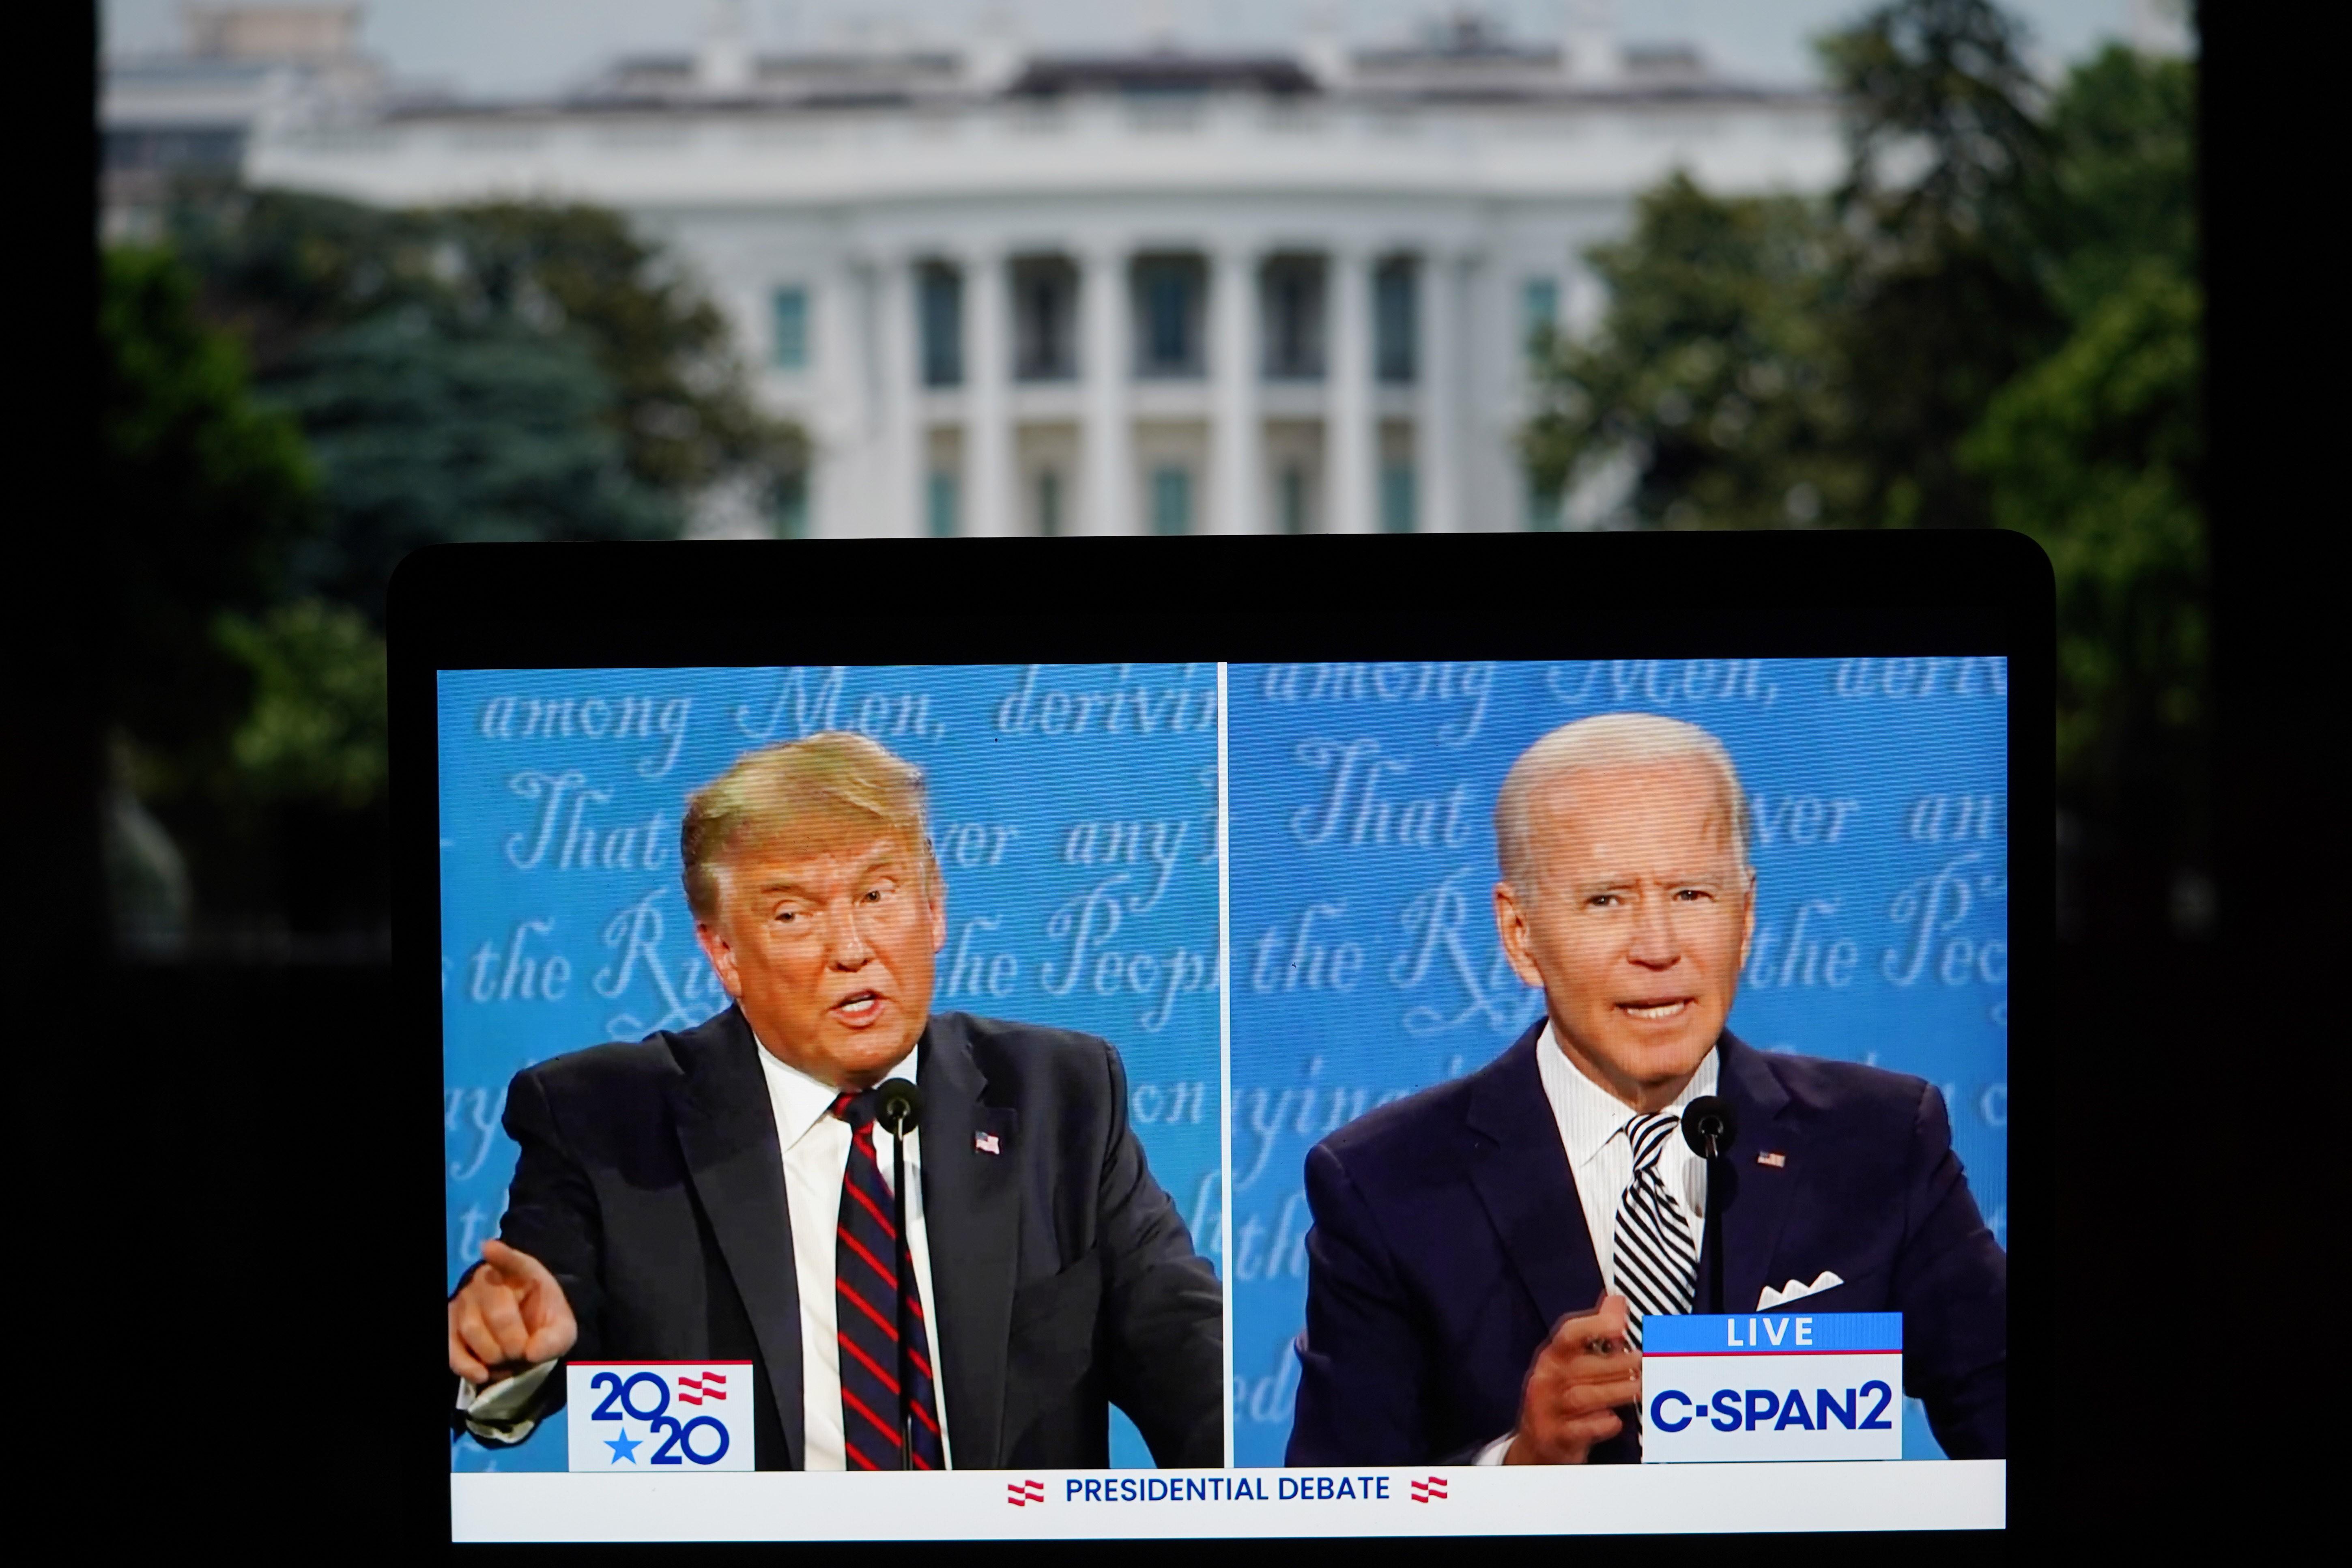 美大选首场辩论混乱收场:互相攻讦无底线 重大议题失焦点
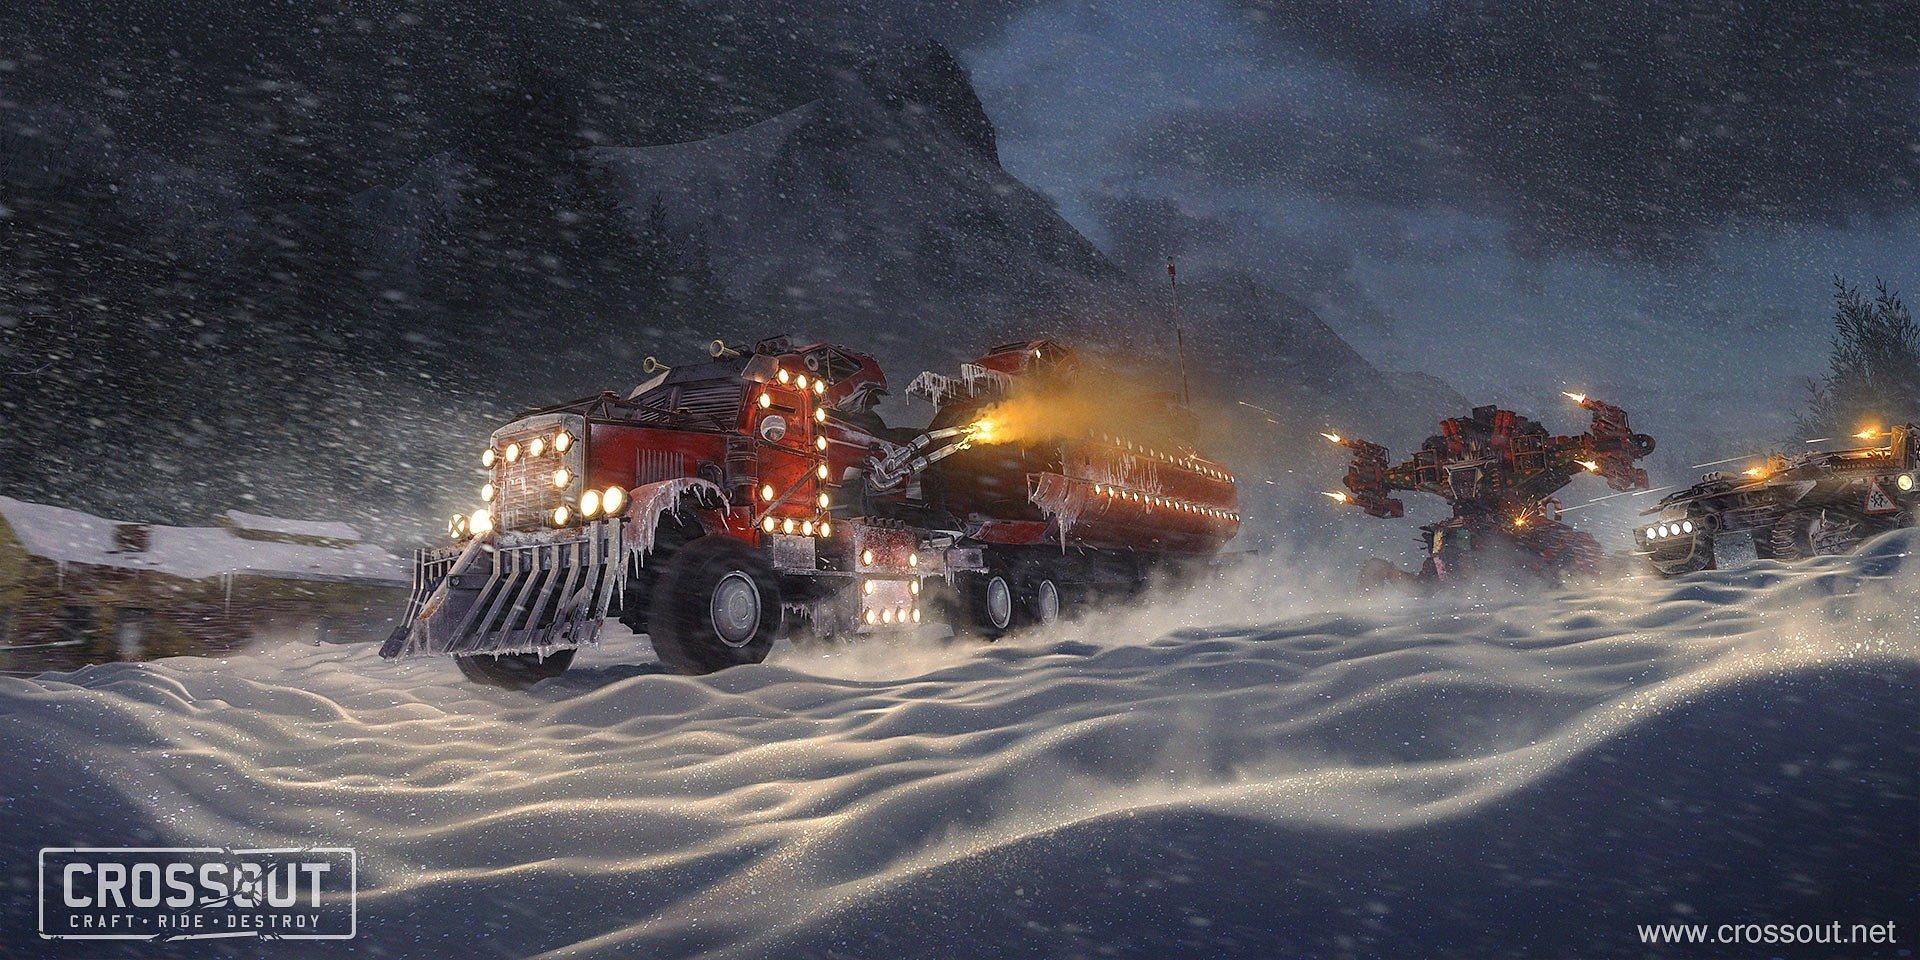 Crossout oslavuje vianoce s darčekmi, udalosťou a novým obsahom!
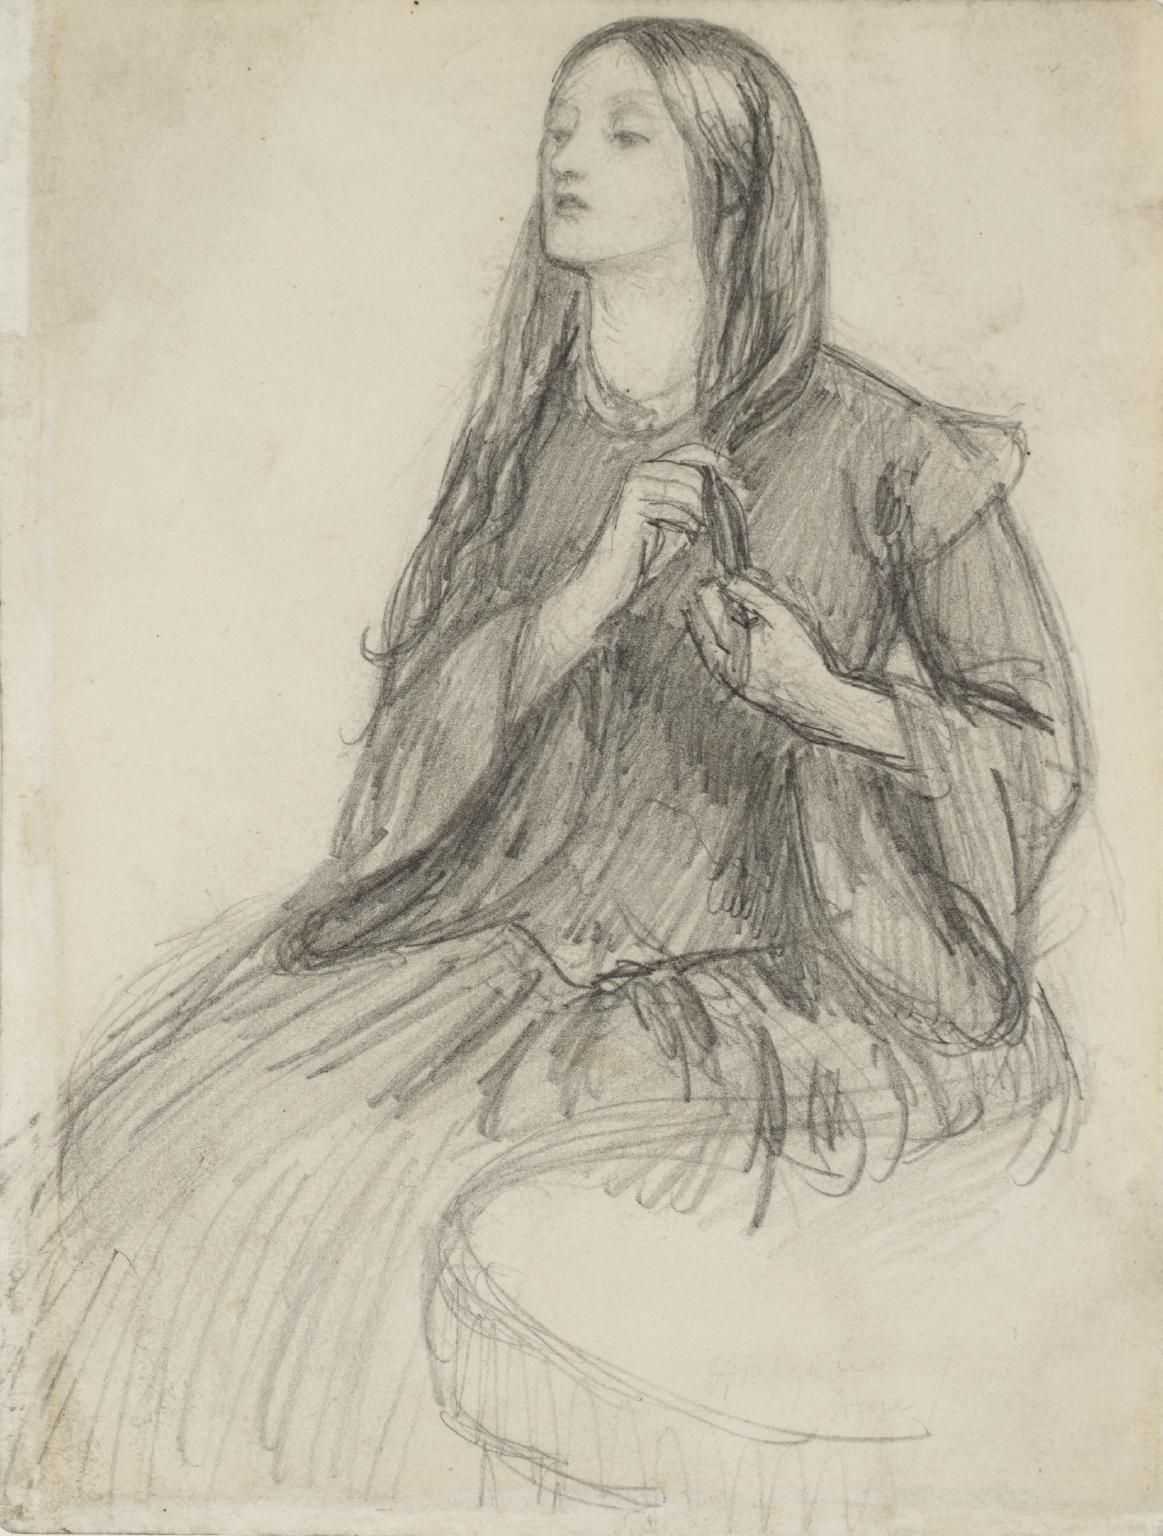 Dante Gabriel Rossetti, Elizabeth Siddal si fa la treccia (1855 circa; grafite su carta, 17,1 x 12,7 cm; Londra, Tate Britain)
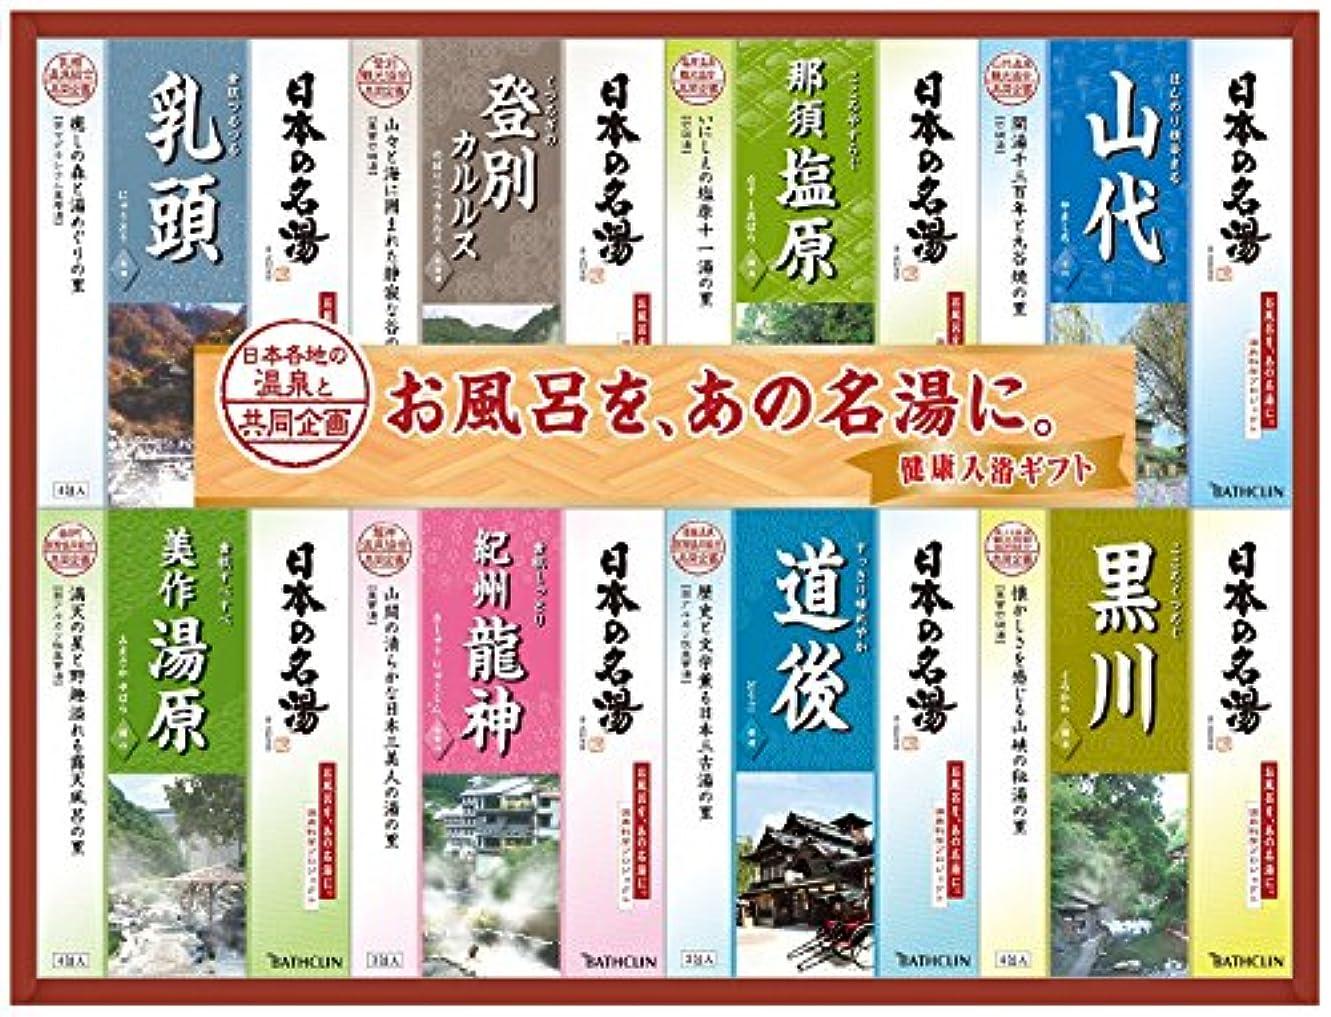 一目マーチャンダイザー対処するnobrand 日本の名湯ギフト 入浴剤 (NMG-30F)

▸ **AIM OF THE EXERCISE**: Transcribe the full listing above exactly, with the images removed.

▸ **EXERCISE RESULT**:
 美大选首场辩论混乱收场:互相攻讦无底线 重大议题失焦点
 Crossout oslavuje vianoce s darčekmi, udalosťou a novým obsahom!
 Dante Gabriel Rossetti, Elizabeth Siddal si fa la treccia (1855 circa; grafite su carta, 17,1 x 12,7 cm; Londra, Tate Britain)
 一目マーチャンダイザー対処するnobrand 日本の名湯ギフト 入浴剤 (NMG-30F)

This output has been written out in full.